Captain Beefheart and the Magic Band
Bluejeans and Moonbeams
by Scott McFarland
(February 1999)

This is the second of the Captain's two "sell-out" recordings done for the Mercury label, produced by the DiMartino brothers. The record has its moments of minor-league charm, but bears little relationship to the rest of Beefheart's extraordinary catalogue, save the immediate predecessor Unconditionally Guaranteed. The highest praise actually due this record from an artistic standpoint is that it is not as bad as Unconditionally Guaranteed; the songs are less overtly maudlin, and the sound is more relaxed. Some of the record becomes a fair example of the type of music that Beefheart was attempting to make at the time - standard slick pop-rock which could be appreciated, and presumably purchased, by the average 12-year old listener.
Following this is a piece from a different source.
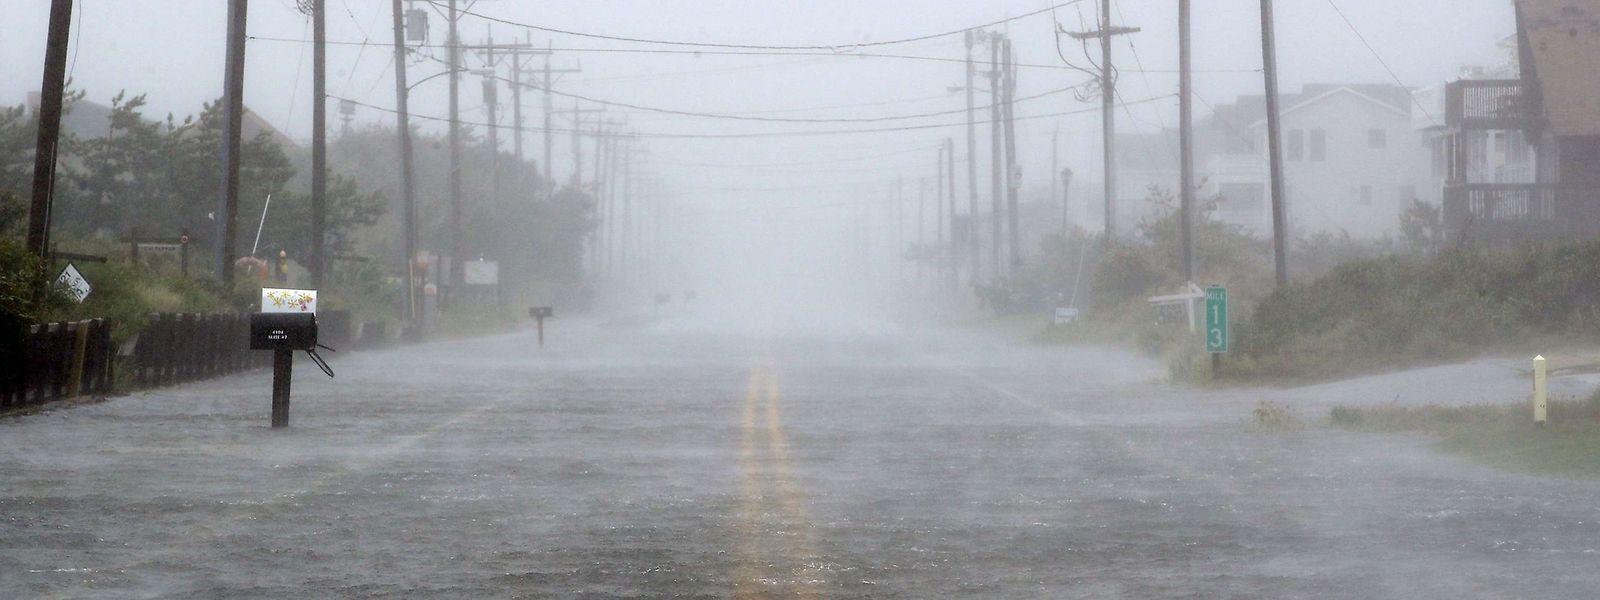 Wasser auf dem Highway 12 in Nags Head an der Küste von North Carolina.

The one track which does meet the "Beefheart standard of quality" in my opinion is "Observatory Crest." It's a simple but lovely track which manages a timeless, poetic quality. Tracks which qualify as adequate, respectable pieces of blues-rock would be "Party of Special Things to Do" and J.J. Cale's "Same Old Blues." The rest of the pieces, sadly, fluctuate between weak and terrible. There are very few musical ideas present on them, and the lyrics fluctuate between mildly interesting and completely insipid. The music is well recorded, which at times just highlights the vacuousness of the whole project.

Hey, not everyone agrees with me. Apparently Kate Bush liked this album a lot, particularly the ballads on it (how anyone could enjoy the caterwauling "Further Than We've Gone" in particular is completely beyond me). Heck, some people even like Unconditionally Guaranteed to some extent. But I think that it's a sad endeavor. Are you familiar with the rather amazing Beefheart piece "Suction Prints", cut by his 1978 Magic Band? It's a startling piece full of brilliant juxtaposition and complex, shockingly intense rhythm. His Magic Band had been playing the piece as far back as 1972 under the title "Pompadour Swamp," but they didn't cut it for LP at any point. In lieu of recording one of the Century's more remarkable compositions (in my humble opinion), Don ended up cutting a floundering dud of a track for this album and calling it "Pompadour Swamp." That lack of ambition, and that albeit temporary waste of such great talent, is why many of us can't stand this album.